The maximum accuracy (88.7%) was reached for KNN algorithm with 5 neighbors.

#### 4.1.2 SVC

In [65]:
from sklearn.svm import SVC

In [69]:
X = train_df[selected_stems+selected_pos+audio_features]
y = train_df['target']
acc = []
auc = []
X_train, X_test, y_train, y_test = train_test_split(X,y)
scaler = RobustScaler()
X = scaler.fit_transform(X)
svc = SVC()
param_grid = {'kernel': ['linear','rbf'], 'C': [0.1,0.5,1,2,5,10,20]}
clf = GridSearchCV(svc,param_grid,cv=10)
clf.fit(X,y)
params = clf.cv_results_['params']
score = list(clf.cv_results_['mean_test_score'])
index = score.index(max(score))
print(params[index],score[index])

{'C': 10, 'kernel': 'linear'} 0.9227722772277227


The SVC model with a C of 10 and a linear kernel reached 92.3% of accuracy, which is considerably higher than the accuracy of the KNN model.

#### 4.1.3 RFC

In [70]:
X = train_df[selected_stems+selected_pos+audio_features]
y = train_df['target']
acc = []
auc = []
X_train, X_test, y_train, y_test = train_test_split(X,y)
scaler = RobustScaler()
X = scaler.fit_transform(X)
rfc = RandomForestClassifier()
param_grid = {'n_estimators': [20,50,100,200,500]}
clf = GridSearchCV(rfc,param_grid,cv=10)
clf.fit(X,y)
params = clf.cv_results_['params']
score = list(clf.cv_results_['mean_test_score'])
index = score.index(max(score))
print(params[index],score[index])

{'n_estimators': 100} 0.9346534653465348


RFC outperformed both KNN and SVC, reaching 93.5% accuracy with a forest of 100 trees each trained on a random slice of the dataset, which is expected because of the results of the previous project.
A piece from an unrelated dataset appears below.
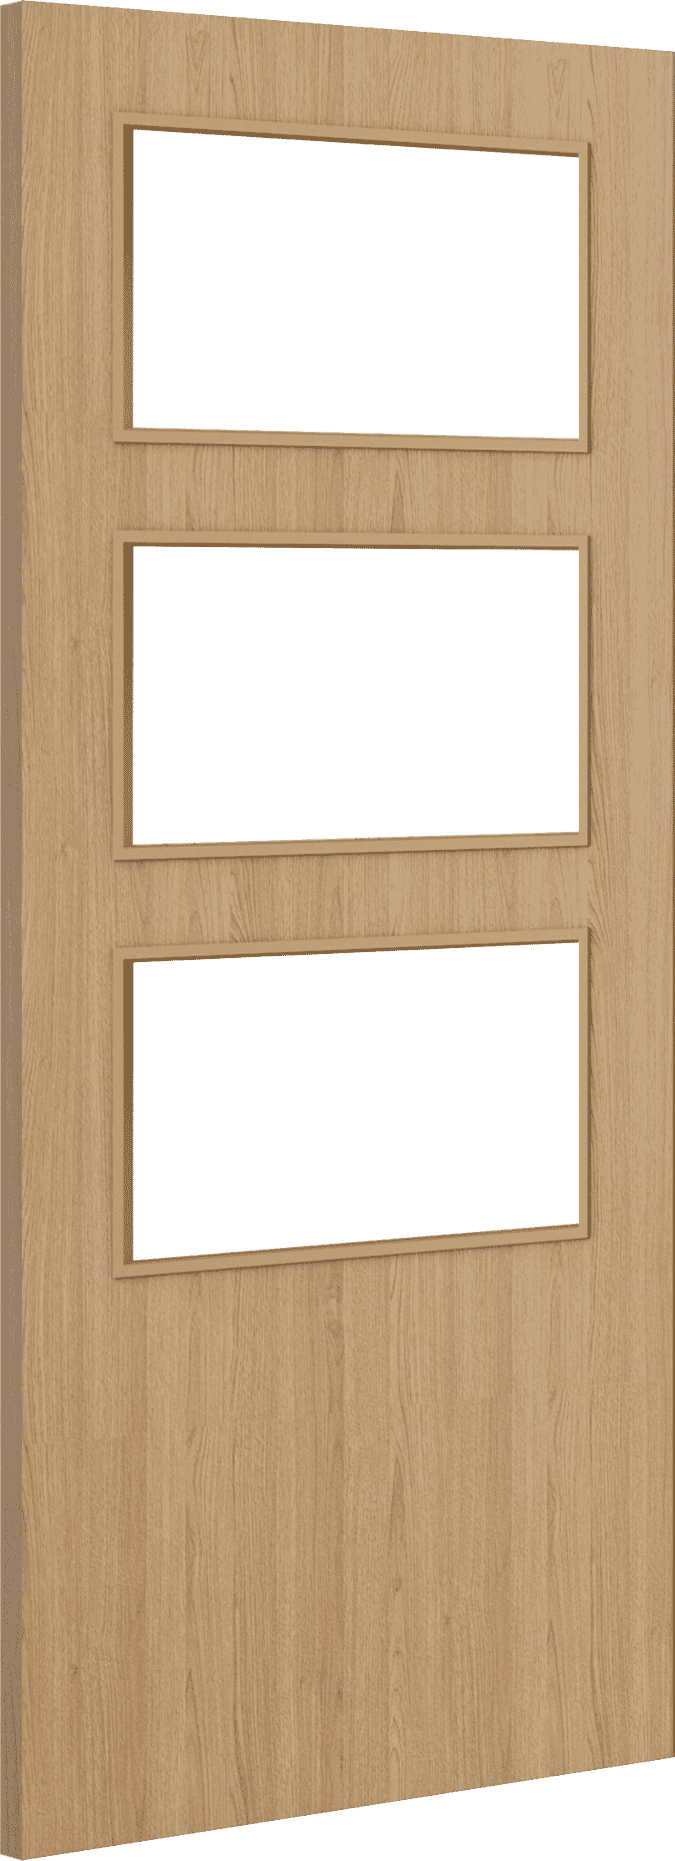 1981mm x 838mm x 44mm (33") Architectural Oak 03 Frosted Glazed - Prefinished FD30 Fire Door Blank
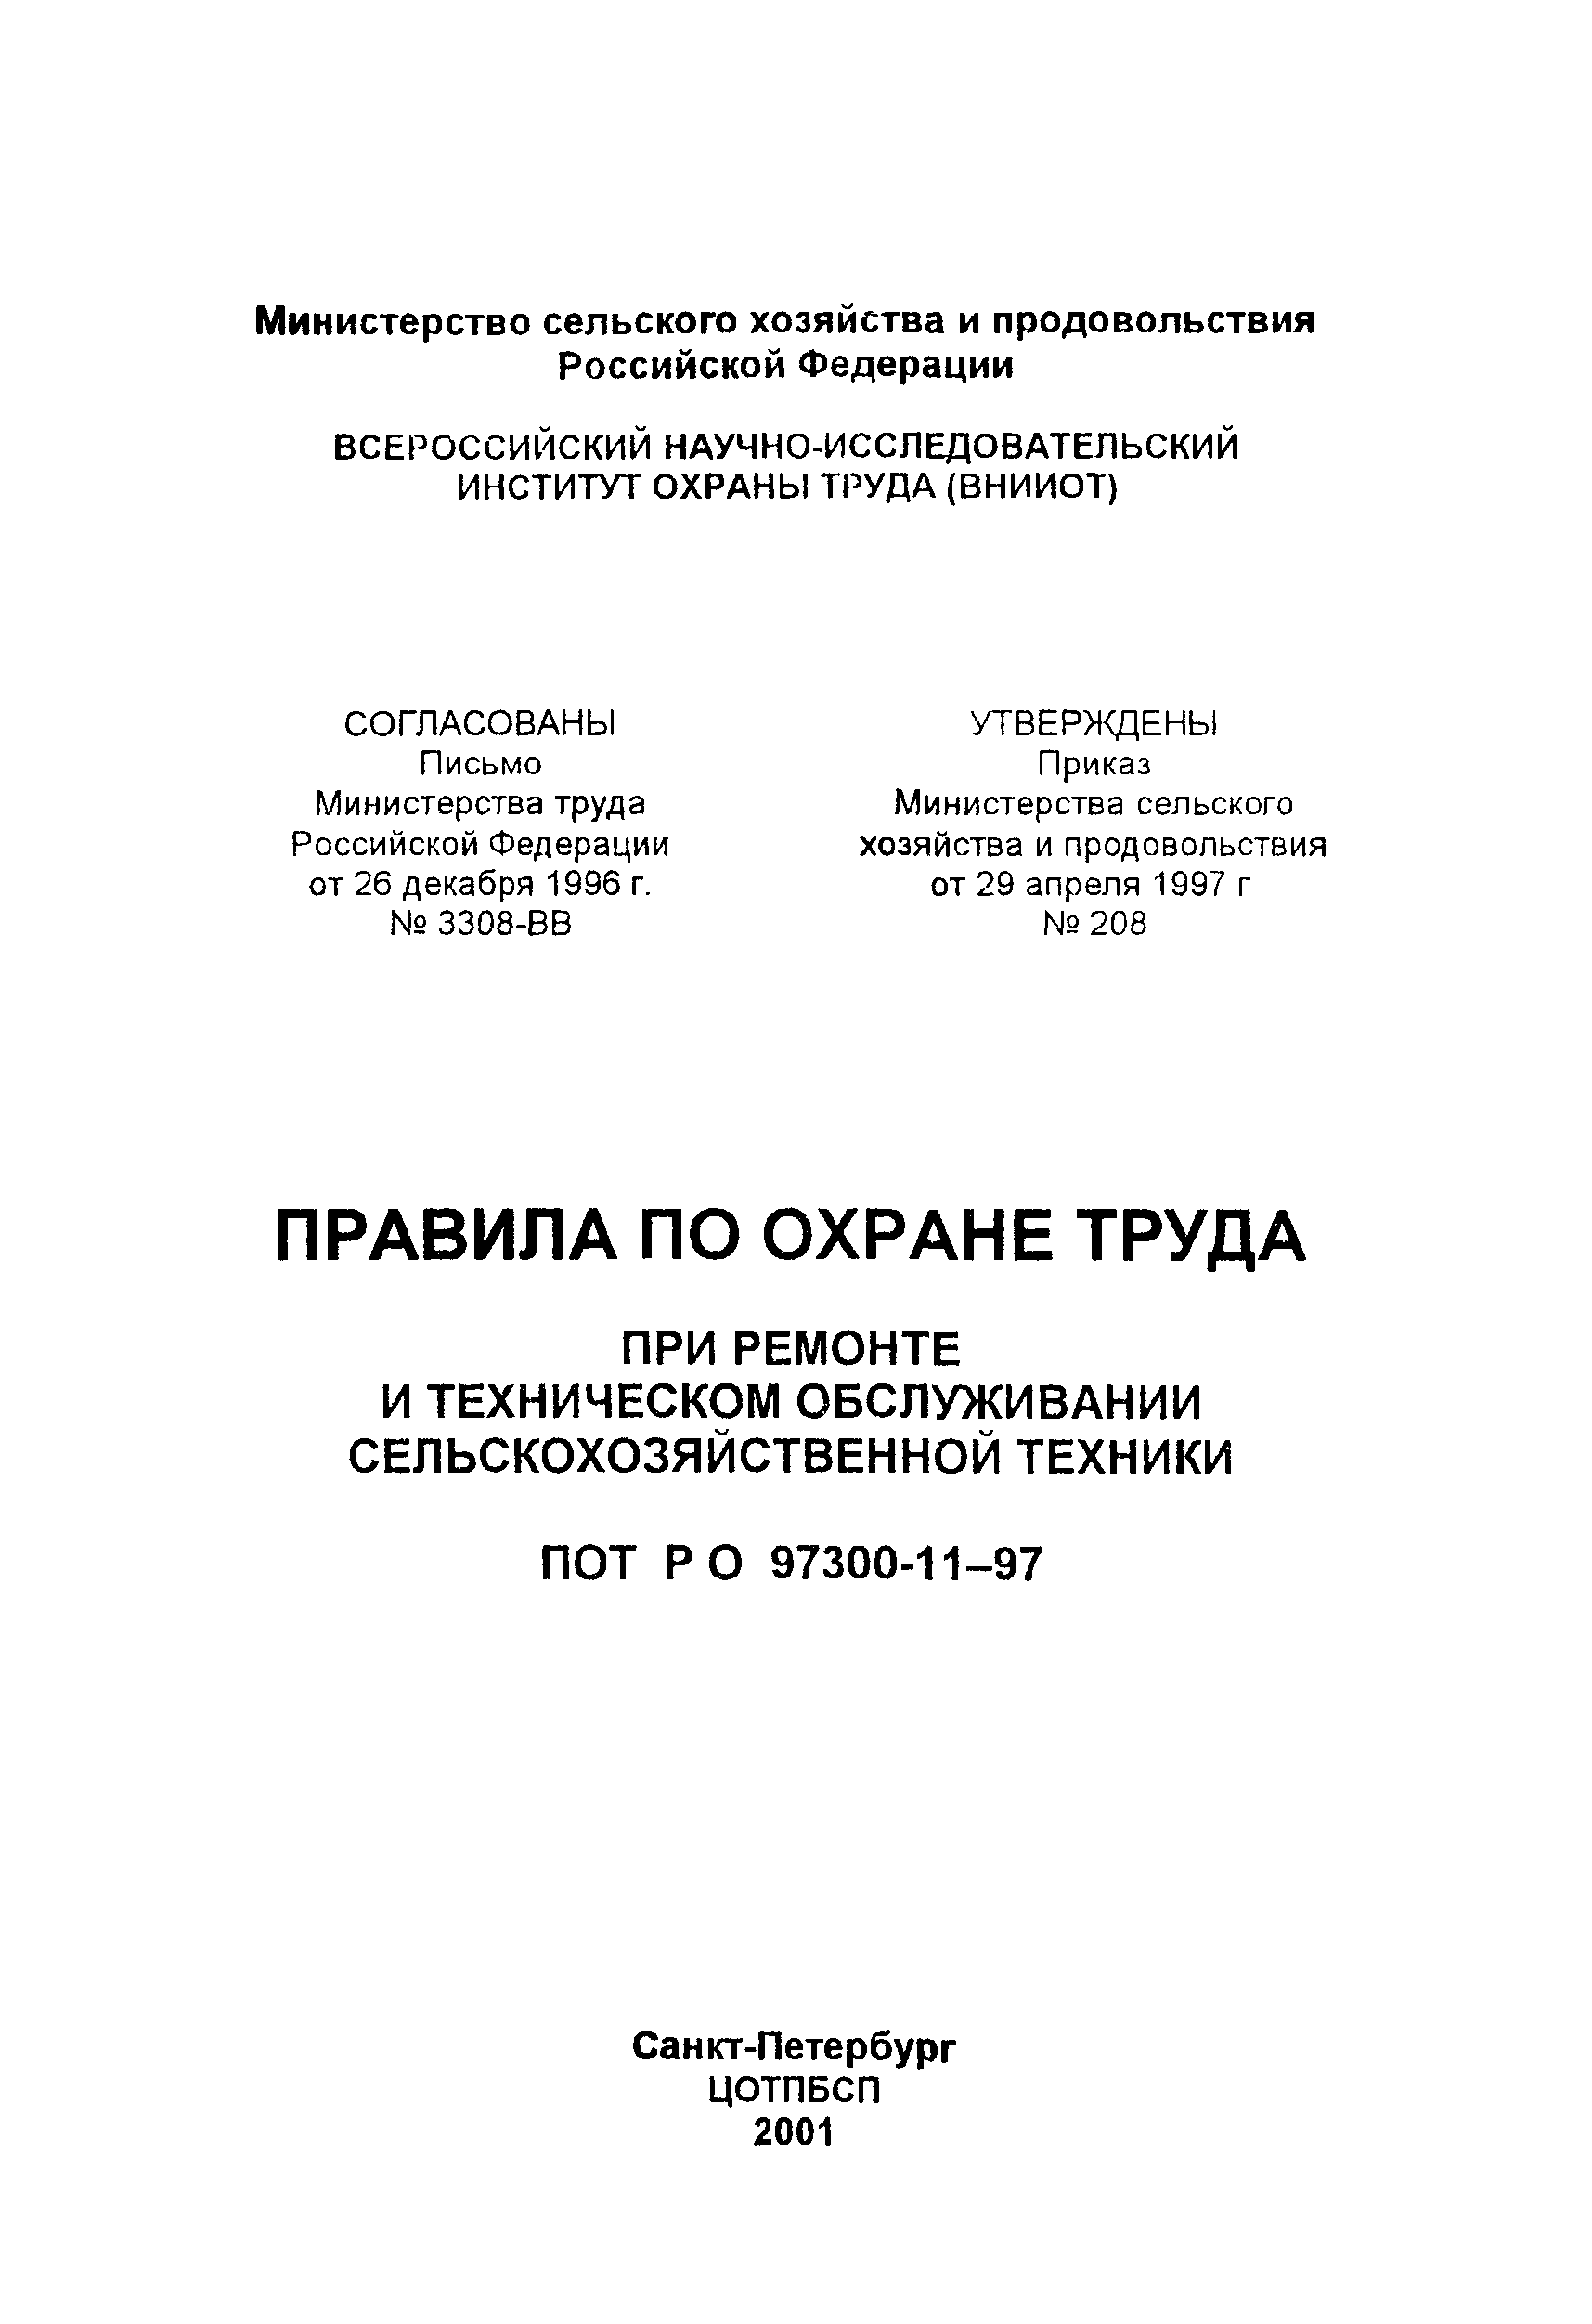 ПОТ Р О-97300-11-97

### 4.2 Performance Evaluation

So, using the Random Forest Classifier with 100 estimators we will check the accuracy and the AUC-ROC metric from the classificator.

In [73]:
X = train_df[selected_stems+selected_pos+audio_features]
y = train_df['target']
acc = []
auc = []
for i in range(10):
    X_train, X_test, y_train, y_test = train_test_split(X,y)
    scaler = RobustScaler()
    X_train = scaler.fit_transform(X_train)
    X_test = scaler.transform(X_test)
    rfc = RandomForestClassifier(n_estimators = 100)
    rfc.fit(X_train,y_train)
    y_pred = rfc.predict(X_test)
    acc.append(accuracy_score(y_test,y_pred))
    y_score = rfc.predict_proba(X_test)[:, 1]
    auc.append(roc_auc_score(y_test,y_score))

In [74]:
print('Average accuracy: {:.4f}'.format(sum(acc)/len(acc)))
print('Average ROC AUC score: {:.4f}'.format(sum(auc)/len(auc)))

Average accuracy: 0.9549
Average ROC AUC score: 0.9899


Finally, we got almost 95.5% accuracy and 0.99 of ROC AUC score. This result is significantly better than the result achieved by the RFC trained with audio features only. This is a good example of how NLP can help us to extract useful features from text data with optimized and easy-to-interpret algorithms.